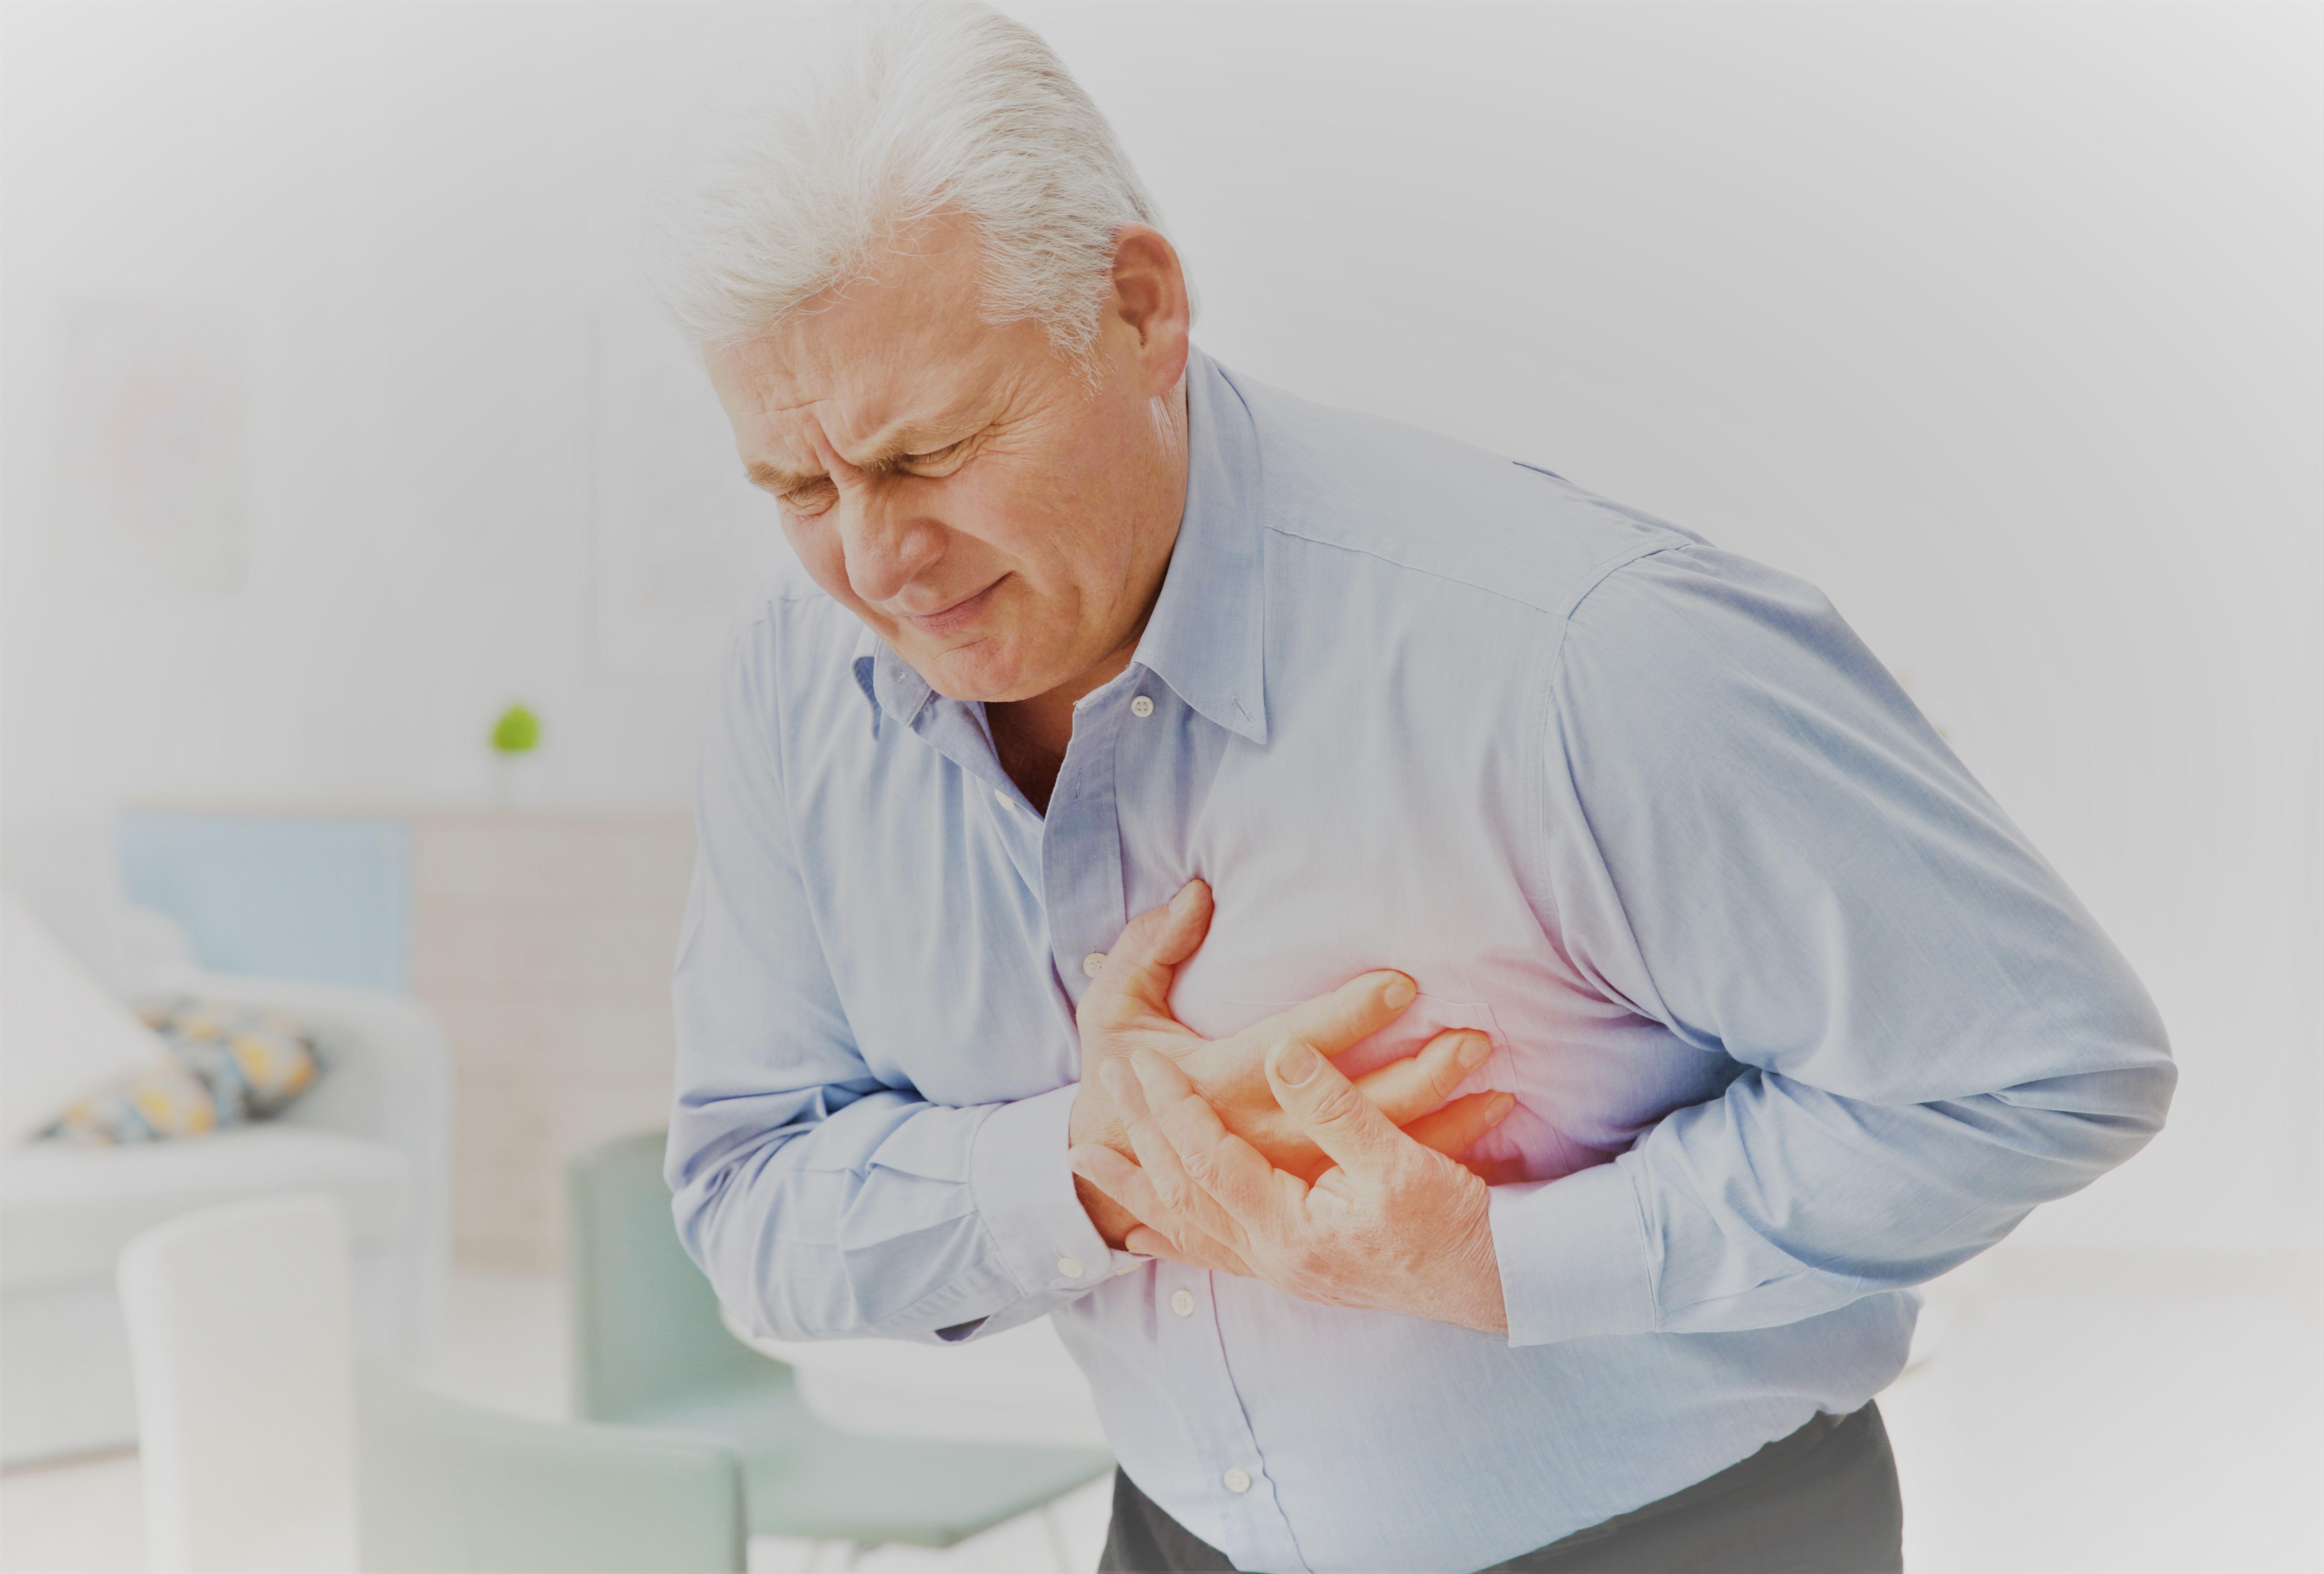 magas vérnyomás kocogás kezelése bodza fekete magas vérnyomás
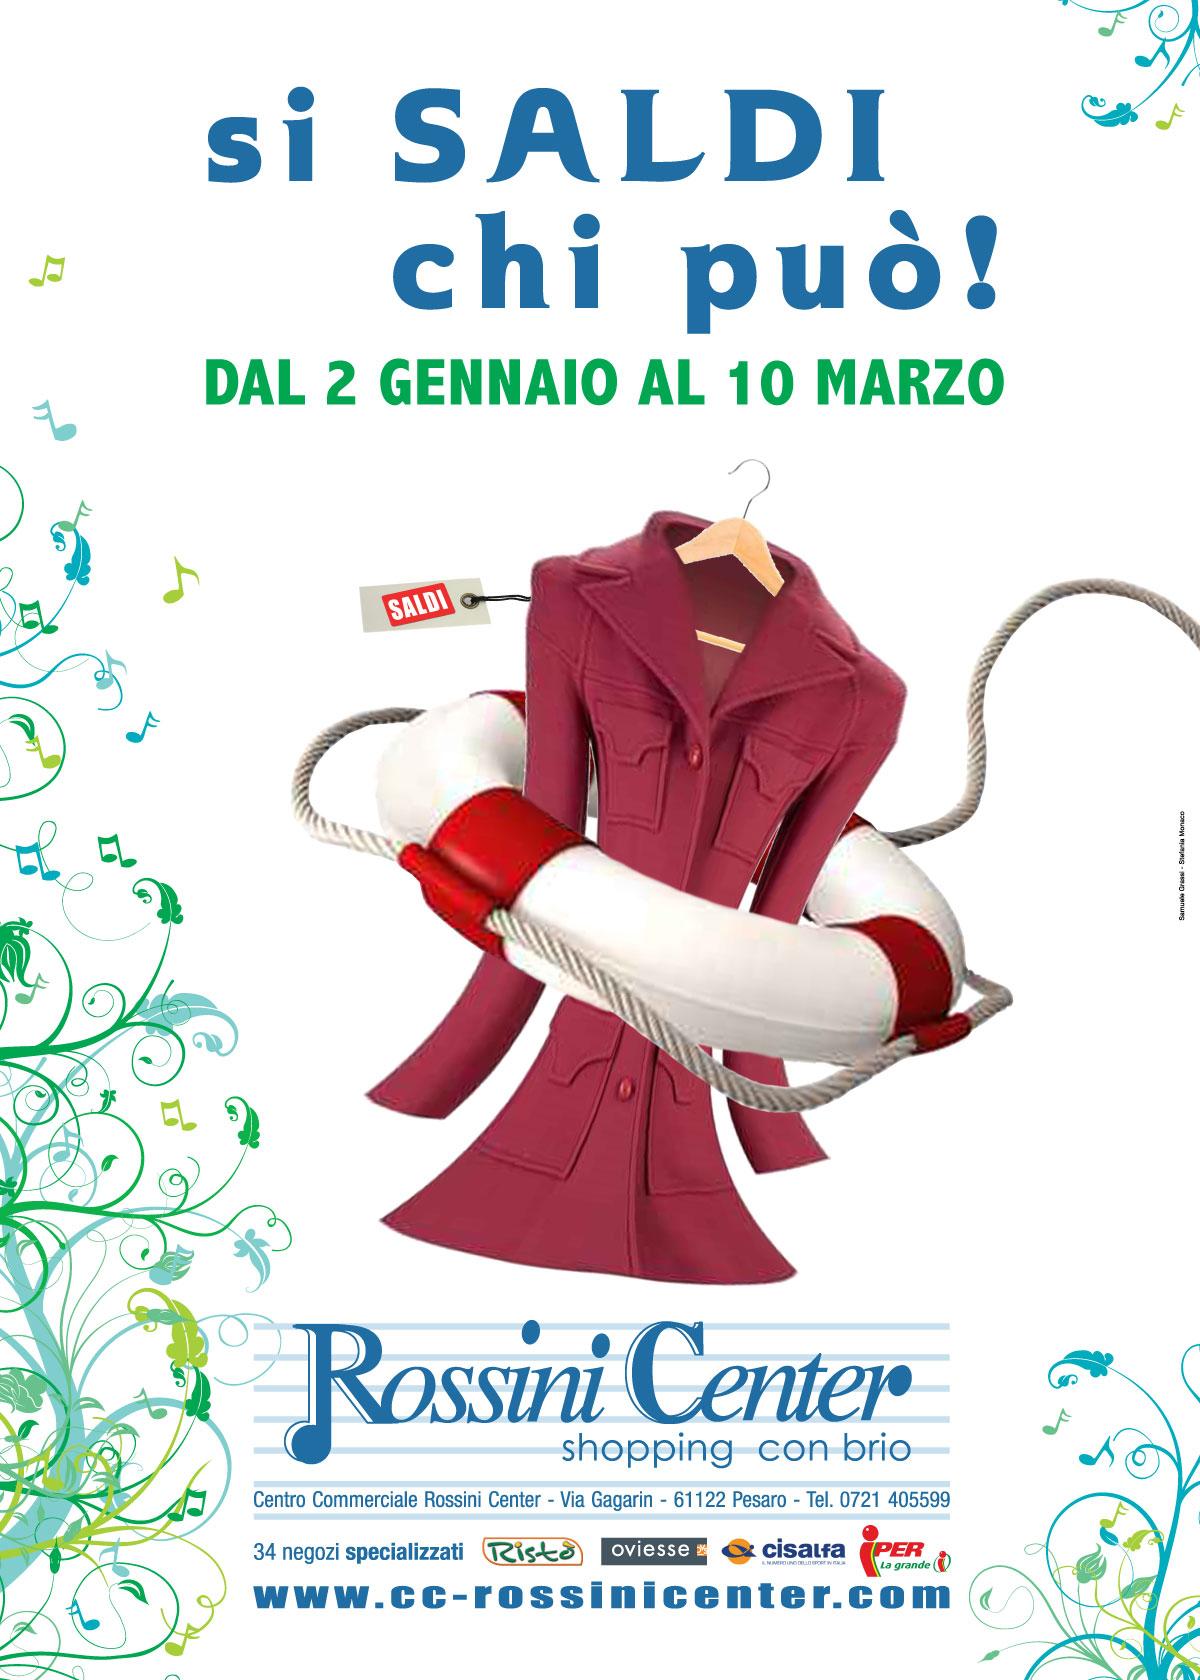 c7b3f53de235 Saldi invernali, Rossini Center, 2012. Saldi invernali, Centro Commerciale  ...
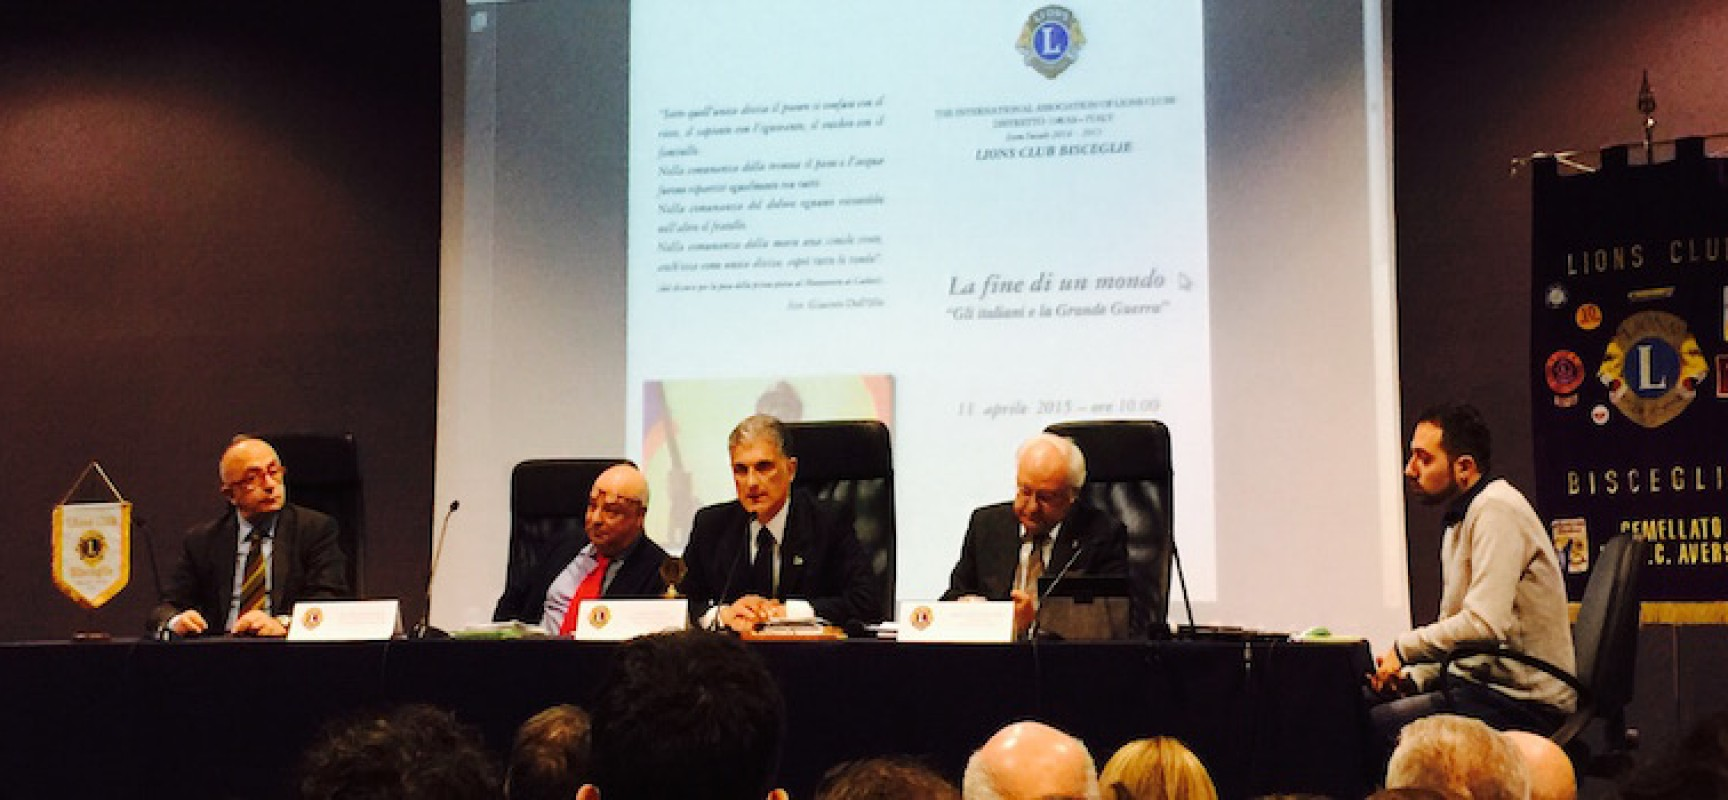 Il prof. Giuseppe Poli spiega agli studenti la Grande Guerra con una lectio magistralis presso il Liceo Da Vinci
____
Aim of the exercise: Every line above should be transcribed exactly, though no image should be carried over.

Written reply:
 magas vérnyomás kocogás kezelése bodza fekete magas vérnyomás
 c7b3f53de235 Saldi invernali, Rossini Center, 2012. Saldi invernali, Centro Commerciale  ...
 Il prof. Giuseppe Poli spiega agli studenti la Grande Guerra con una lectio magistralis presso il Liceo Da Vinci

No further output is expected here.